For gypsum (lightweight) plasters the manufacturer’s recommendations should be followed as to the appropriateness of their plasters for application on to aircrete.

How do you fix plasterboard to an aircrete wall?

There are two methods of attaching plasterboard to blockwork, by bonding directly to the blockwork or by using battens.

The most common way to fix plasterboard to blockwork is using the ‘dot and dab’ method. With this technique you apply dabs of plasterboard adhesive to a clean, dry blockwork wall and then press the board into position.

The second method is with a timber or metal furring system, essentially a framework which is screwed into the blockwork and on to which the plasterboard is attached.

Can you screw into aircrete blocks?

Fixing internal wall fixings to H+H aircrete blocks is easy. Plugs with screws or nails as appropriate will provide a very secure and reliable fixing. The best fixings for aircrete blocks depend on the weight of the fixtures. You can find detailed advice in our Designing & Building with Aircrete document.
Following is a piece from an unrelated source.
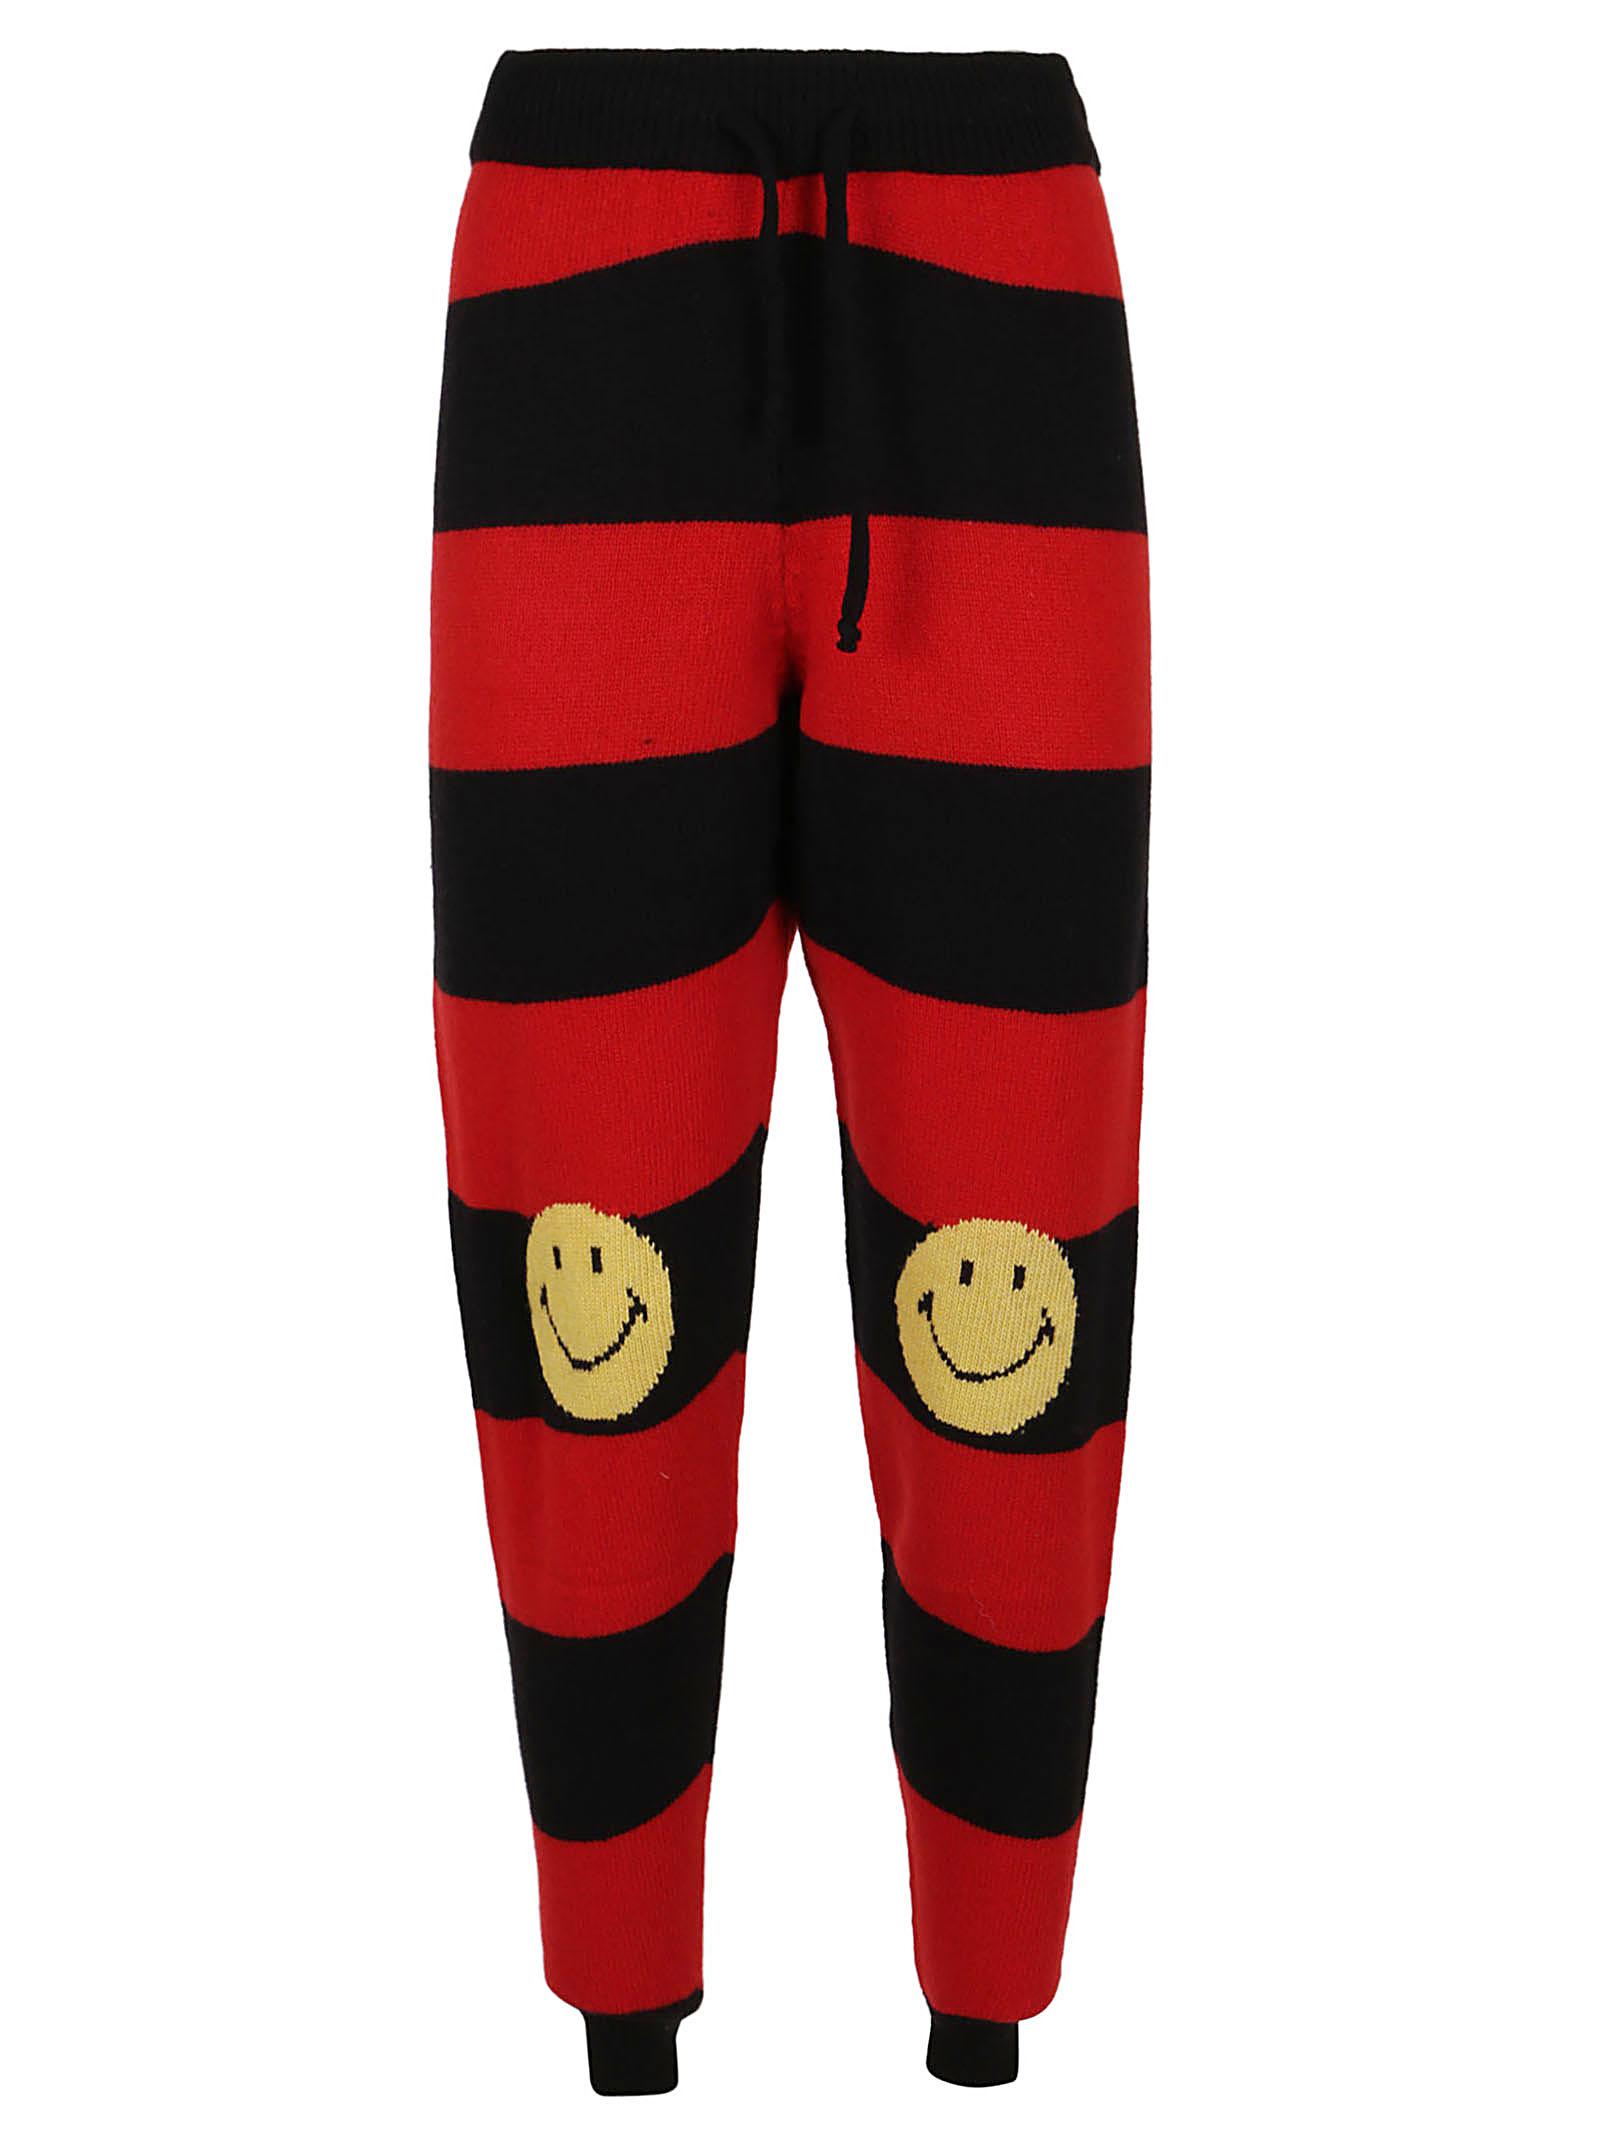 Striped Redblack Smiley Pants
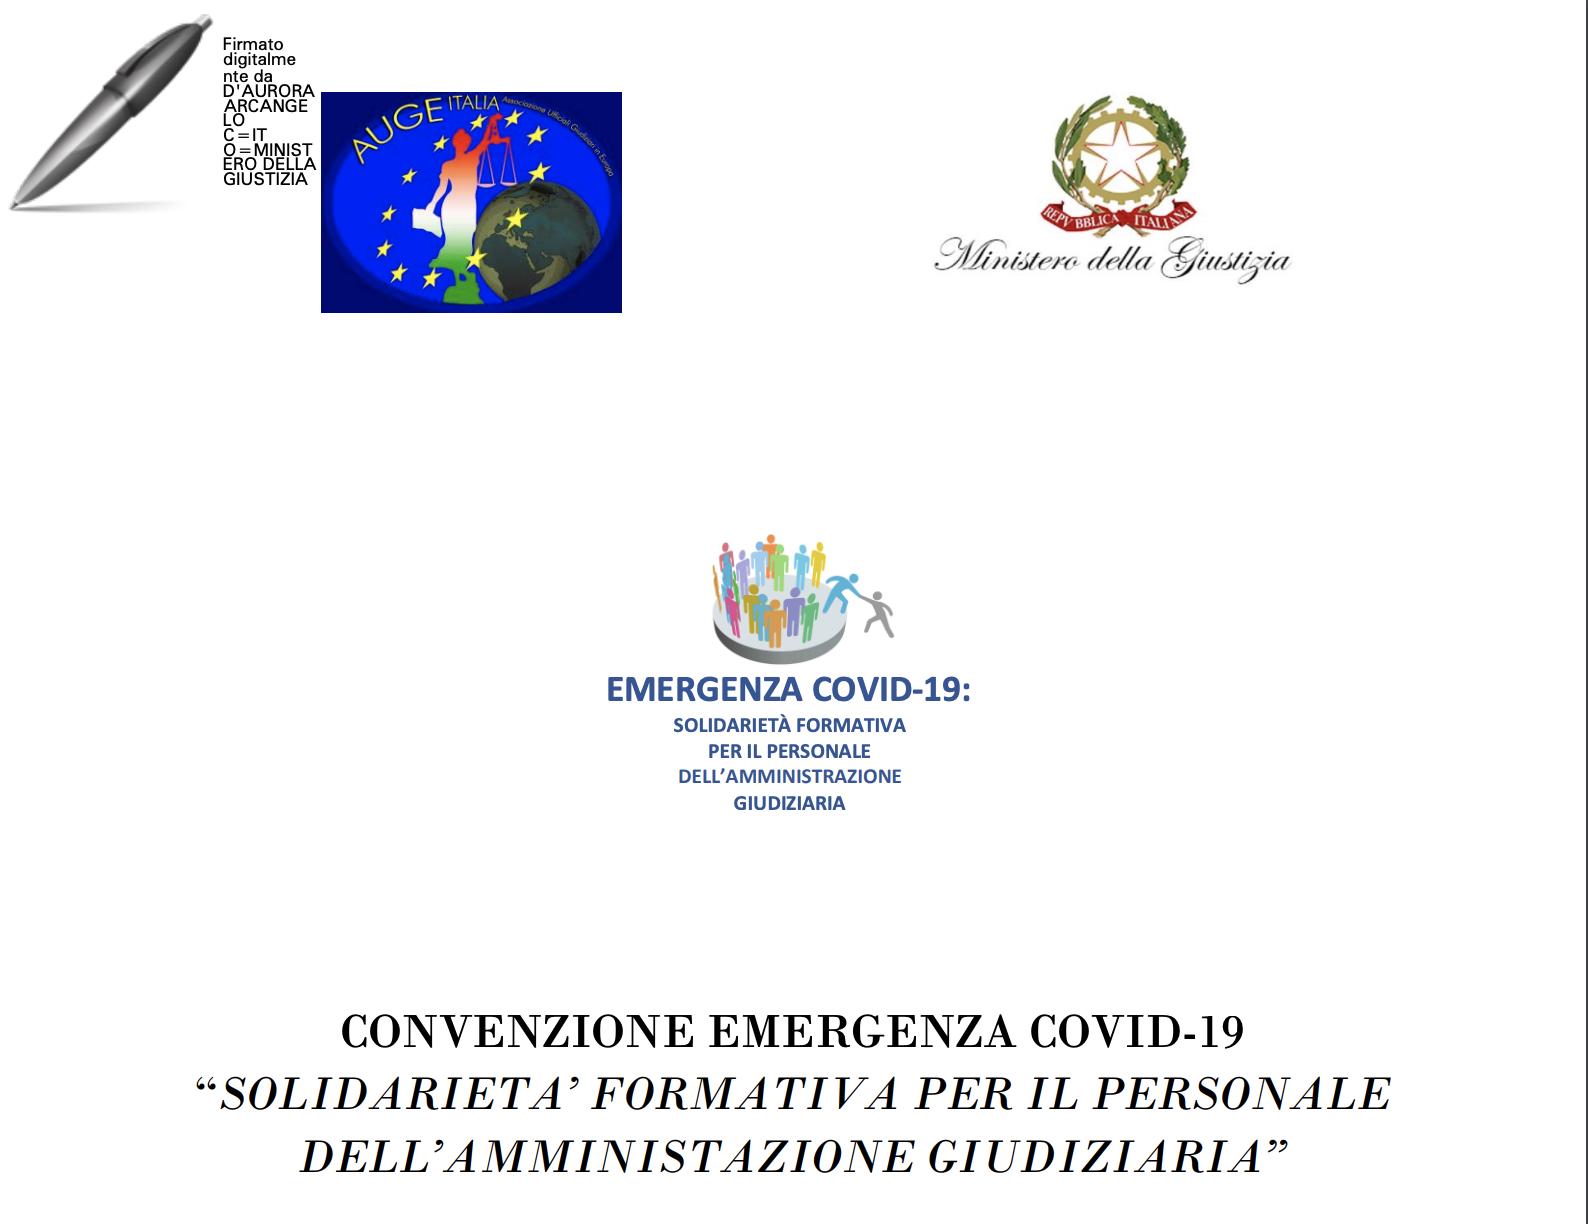 Convenzione Emergenza Covid-19 solidarietà formativa tra AUGE e il Ministero della Giustizia

RAAC - your questions answered

Reinforced autoclaved aerated concrete (RAAC) planks were building materials used between 1950s and 1990s, primarily in public buildings such as schools and hospitals. They were used in fast assembly building projects, typically as roof panels.

RAAC planks derive their structural strength from metal reinforcing bars within the planks. Failure occurs primarily when the reinforcing bars corrode. This typically happens when the planks have been exposed to water over a prolonged period of time. Corrosion weakens the bars and causes the plank to lose its intended loadbearing capacity. None of these failures are associated with the AAC material.

The aircrete blocks manufactured by H+H UK and used to build the foundations and walls of houses and low-rise commercial buildings do not use reinforcing bars.

H+H aircrete blocks are not liable to the failures being seen in RAAC products.

H+H aircrete is manufactured to the standard BS EN 771-4 and BBA certification confirms that “walls constructed from the products will have durability equivalent to walls of traditional masonry.”